Novamente o racismo voltou a ser assunto no esporte. E mais uma vez a indignação é geral, imprensa e população. Mas está tudo errado. Não adianta apenas condenar e repudiar atos criminosos - e qualquer outro tipo de preconceito - se o problema está enraizado. Vivemos em um mundo racista e cujas vítimas são as principais aleijadas do debate. São brancos delegando e negros ouvindo, uma inversão de valores. 

Não foram poucas as vezes em que casos racistas ganharam as páginas esportivas. Deixaram de lado as conquistas, entrou a dor. Esta que só quem é negro pode expressar e falar. E mesmo assim, poucos têm lugar de fala para se manifestar. Pior: poucos têm acessos às ferramentas realmente capazes de mudar o panorama atual. O negro só teve espaço como ouvinte, nunca com a mudança.

O racismo que vivemos é estrutural. No Brasil, especificamente, tivemos 388 anos de escravização (palavra que faz mais sentido quando lembramos que foram pessoas arrancadas de seus lugares à força). E ainda assim há quem negue não só o período, como os problemas por ela causada. No mundo, o pensamento teve seu enraizamento definitivo com a neocolonização, a partir do século XIX. Os criminosos que pensam desta maneira são incapazes de compreender que o negro pode estar aonde quiser. Não faltam exemplos.

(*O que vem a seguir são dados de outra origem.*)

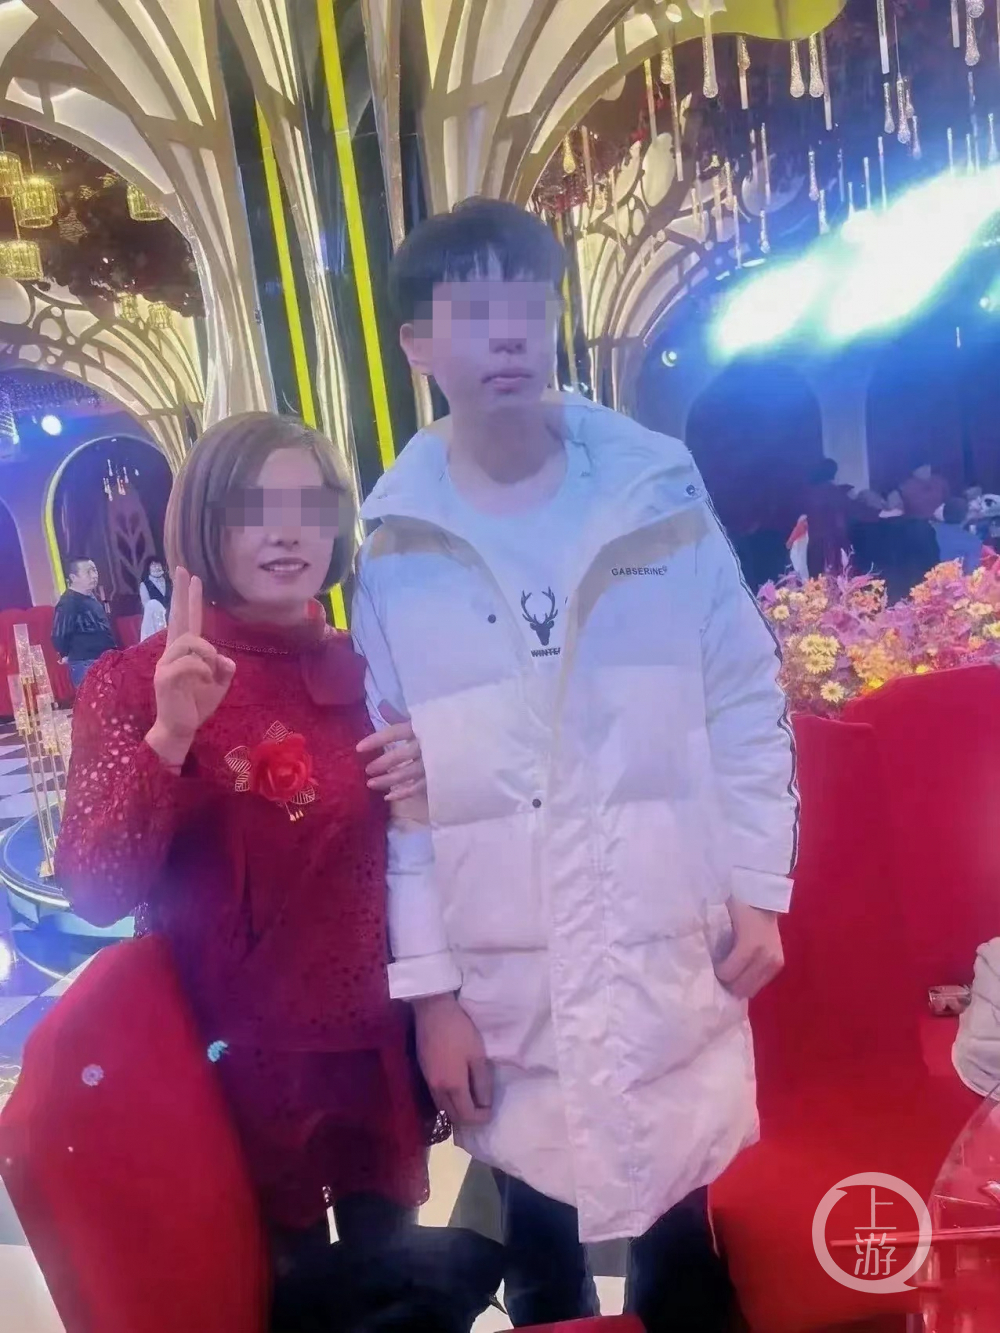 ▲刘学州和亲生母亲在弟弟生日宴上的合影。图片来源/个人微博

Quando Tommie Smith e John Carlos baixaram a cabeça e ergueram seus braços, alusão aos Panteras Negras nas Olimpíadas do México de 1968, o manifesto já fazia eco há 32 anos na luta pelos direitos relegados. Jesse Owens, ao derrubar os discursos racistas de Hitler embaixo do seu nariz, foi a primeira grande figura esportiva que sentiu na pele o racismo dentro e fora do seu país. 

Owens chegou a Berlim na terceira classe do navio que levava os atletas americanos. A simbólica vitória racial sobre o nazismo mostrou ao mundo o quanto o preconceito independia de lugar, já que dentro dos EUA ele também vivia sua segregação. Esta que foi alvo dos protestos de Smith e Carlos três décadas depois. Porém, em 2019, ainda vemos que toda a luta continua atual e presente...

Tais exemplos comprovam sobre o dano do racismo estrutural na sociedade. O negro é visto sempre como ligado às áreas braçais, culturais ou esportivas. Há uma enorme incapacidade de vê-los em locais de grande representatividade. Há um enorme vácuo de representação nos grandes cargos! Cargos estes que são os que podem de fato dinamitar o problema. Quantos negros foram presidente do Comitê Olímpico Internacional? Quantos foram presidente da FIFA? Por que a negritude tem tantos representantes só na parte atlética e não na gerencial? É aí que o racista atua, nessa lacuna histórica.

Recentemente tivemos um caso de racismo na torcida do Atlético-MG, cujo ex-atacante do Galo, Reinaldo, tanto tempo lutou contra. Para ficarmos apenas no futebol, façamos uma reflexão: a Seleção Brasileira viveu suas maiores conquistas com atletas negros. Mas nunca teve um treinador negro. Mais alarmante é ver que nem mesmo a CBF teve um presidente negro, bem como os grandes clubes do Brasil, chamados de populares mas que não representam por completo a maior parte desta população nacional.

Por conta da ausência de lugar de fala e decisões que o racismo ainda persiste. Não há interesse dos mais altos cargos, sejam eles em qualquer uma das grandes entidades esportivas, em mudar. E por um simples motivo: eles não sofrem com o assunto. O racista não faz som de macaco para o Gianni Infantino. O racista não entoa cânticos nazistas contra o Thomas Bach. O racista não faz gestos preconceituosos contra o Rogério Caboclo. São brancos falando por negros. Como algo vai mudar o panorama assim?

O racismo não vem apenas com o crime em si, vem com toda a estrutura supracitada. O negro não ganha espaço suficiente. O negro não tem a voz que pode mudar tudo isso. E o preconceito segue vencendo, os criminosos seguem impunes e a negritude tratada com desrespeito.

É estrutural. O racista sabe que será esquecido, com a cumplicidade dos grandes brancos sentados sobres as cadeiras que assinam os contratos e a falta de espaço das vítimas de fato.